Capítulo 39: Eu deixei você cair
Wagner e
Pedro, como tudo começou...
O discurso de Dupré
terminou com lágrimas dele e de todos que estavam presentes. Wagner não
conseguiu conter o choro e saiu do velório correndo. Sem olhar para o nada e
sem enxergar ninguém, o adolescente acabou esbarrando em um convidado, um
adolescente como ele, já na saída.
–Me desculpa. –Pediu Wagner, aos prantos.
–Preciso ir.
–Ei, calma aí cara. –Pedro estendeu seus
braços e acolheu o jovem assustado neles. –Vou te tirar daqui.
–Por que tudo tem que ser tão complicado e
injusto? Ela tinha tanto o que viver, eu a amava tanto...
–Infelizmente a vida não tem explicação.
A cura de lágrimas acompanhada de afeto e compreensão...
Bem longe de casa e
acompanhado de um rapaz belo, Wagner pode espairecer um pouco e “esquecer” os
acontecimentos dos últimos dias. Sentado na beira da cama de Pedro, Wagner
observou as paredes do rapaz, repletas de molduras em preto e branco de fotos
suas e de sua família, de quando ele era criança. Ambos de mãos dadas na praia,
em parques temáticos... Em todas as fotografias um sorriso imenso habitava o
rosto daqueles que faziam elas. Ver aquelas fotos fez com que lágrimas
brotassem nos olhos de Wagner.
–Tem algo de errado? –Indagou Pedro,
preocupado.
–Por que me trouxe até a sua casa? Nem me
conhece... –Disse Wagner. –As pessoas não trazem estranhos até seu quarto, se
for me matar faça logo.
–Não seja bobo. Eu não sou qualquer pessoa,
meu sentimentalismo faz com que eu me preocupe até com quem eu não conheço, e
você estava em prantos no velório da sua avó.

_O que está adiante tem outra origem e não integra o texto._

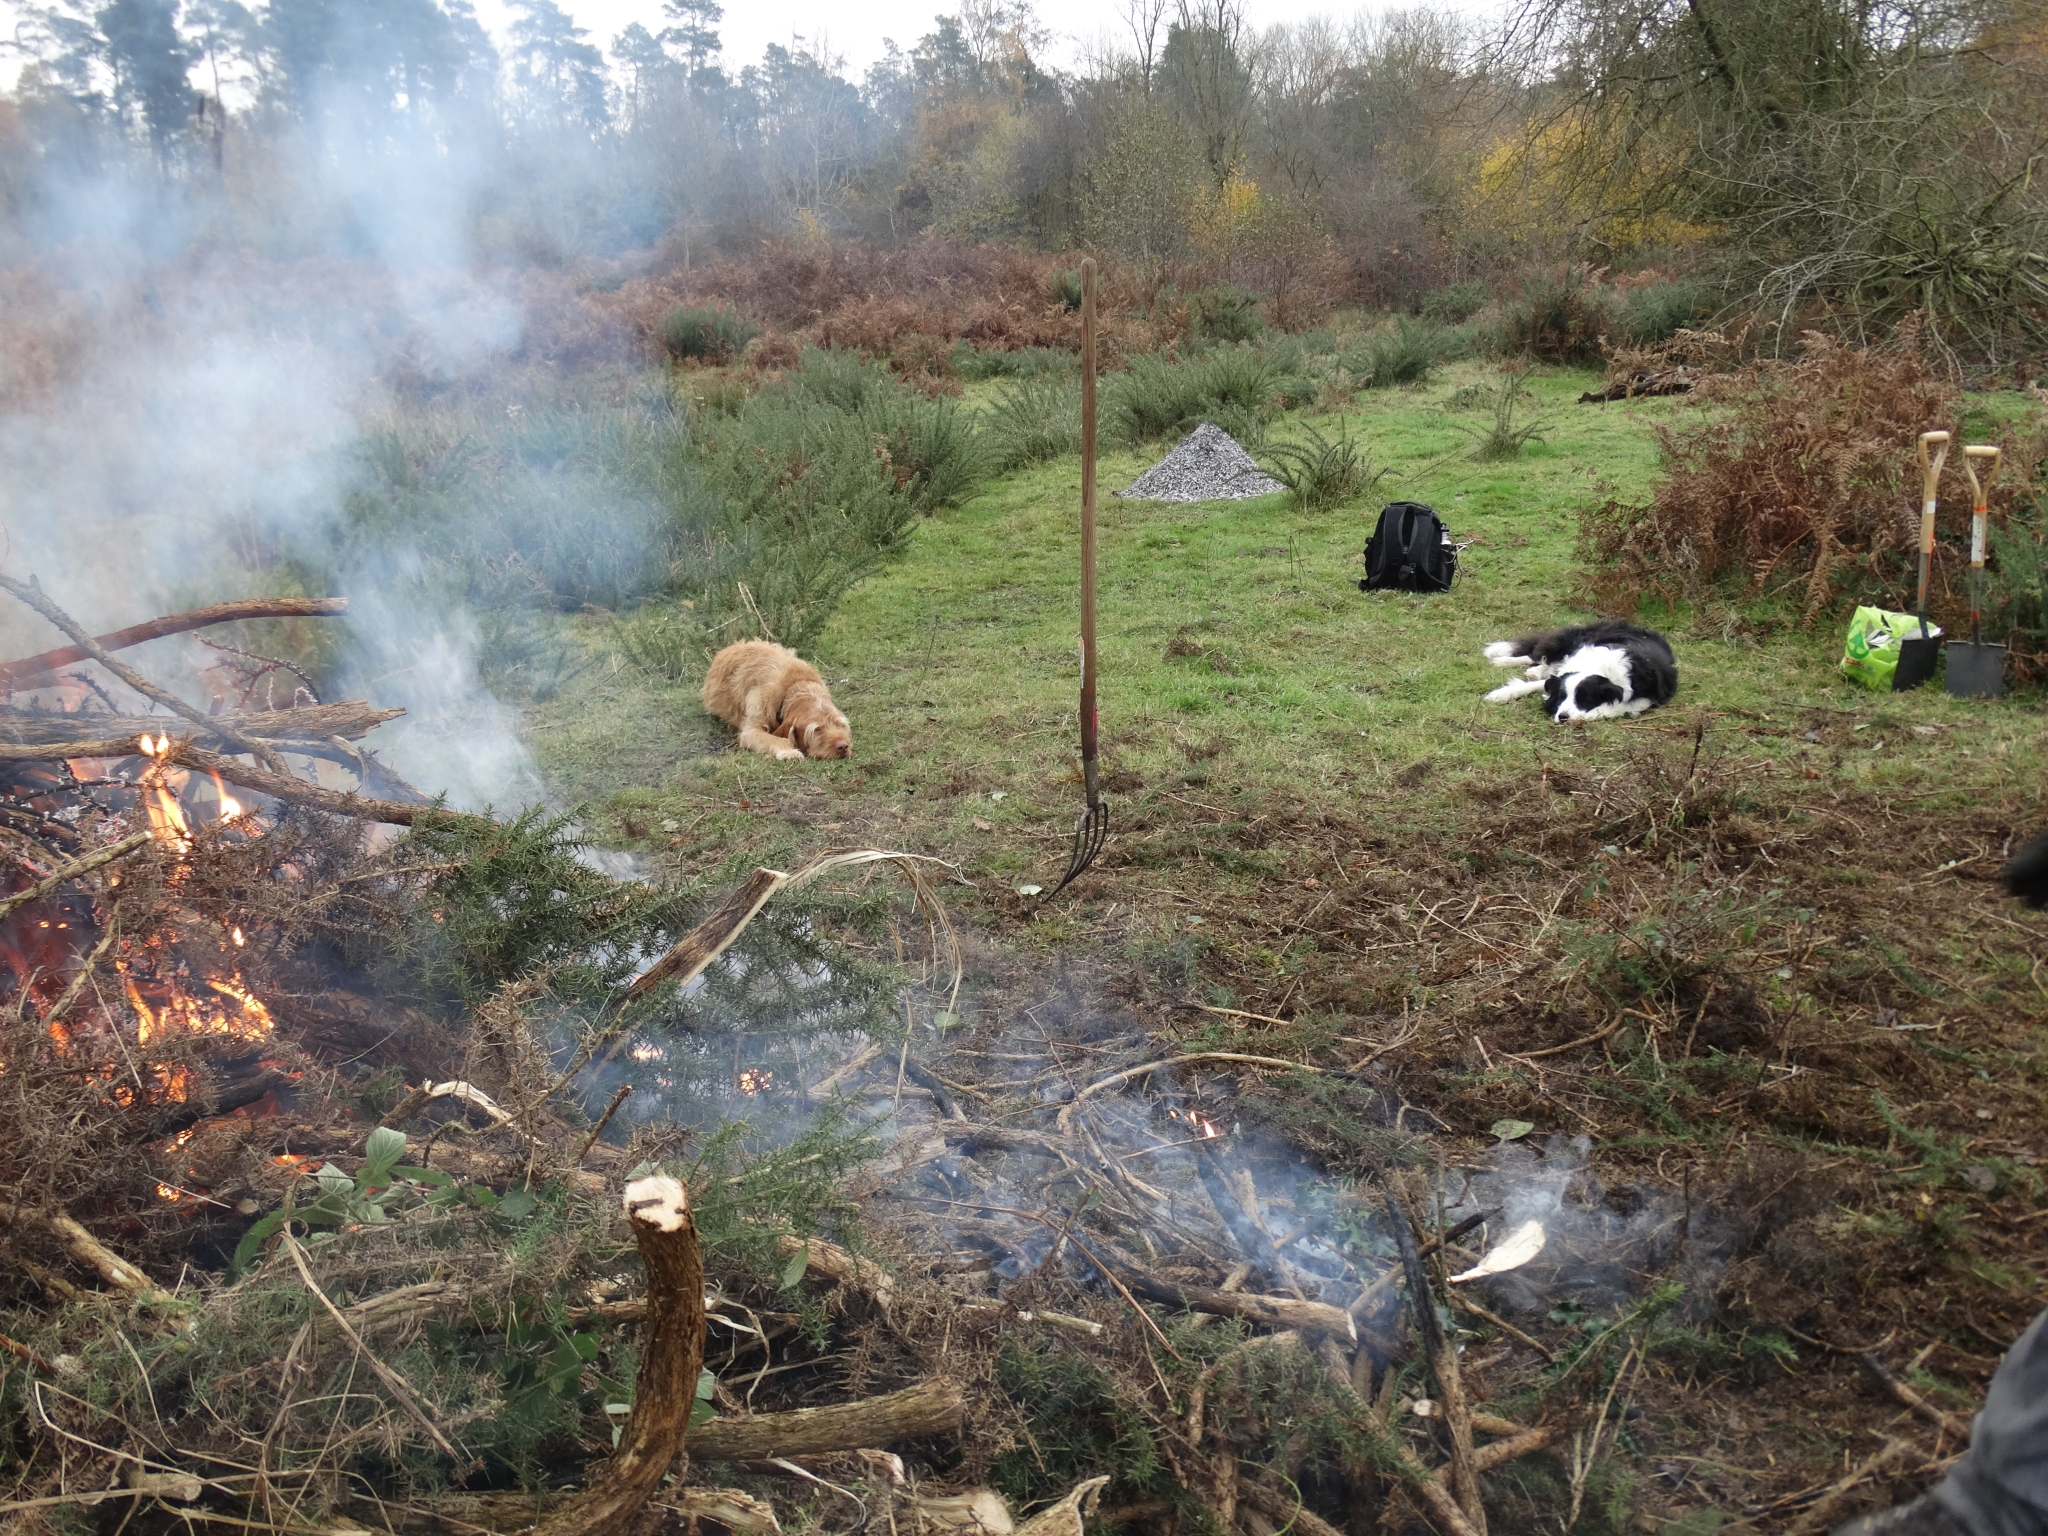 A photo from the FoTF Conservation Event - November 2019 - Gorse Clearance at Hockham Hills & Holes : 2 Fire officer dogs watch over the fire

–Ela era a pessoa mais importante da minha
vida, difícil não estar em prantos.
–Onde você vai passar o natal e o réveillon?
–Em casa... Por quê?
–Meus pais e eu iremos celebrar no Rio de
Janeiro, a queima de fogos na praia de Copacabana é divina, poderia vir com
agente.
–Prometi a minha namorada que daria atenção a
ela depois que tudo isso passasse.
–Se mudar de ideia, meu convite ainda está de
pé.
–Obrigado.
–Agradeça aceitando o meu convite.
O amor que crescia no coração de ambos se tornava forte demais para ser
separado...
Após encostar o
celular no ouvido esquerdo e ouvir a voz grossa de Pedro, Wagner se esqueceu de
toda a magia que Isabella havia lhe transmitido ao chegar à mansão. Havia algo
naquele rapaz que lhe encantava de uma maneira diferente, mas como ele poderia
contar a alguém sobre aquela sensação? Sua avó, que naturalmente lhe entenderia
e lhe diria o que fazer estava morta, então ele resolveu apenas atender e
esquecer tudo aquilo.
–Faltam duas semanas para o Natal e você não
me ligou então resolvi ligar. –Disse Pedro, aparentando estar sorrindo do outro
lado da linha pelo tom de voz adocicado. –Fiz mal?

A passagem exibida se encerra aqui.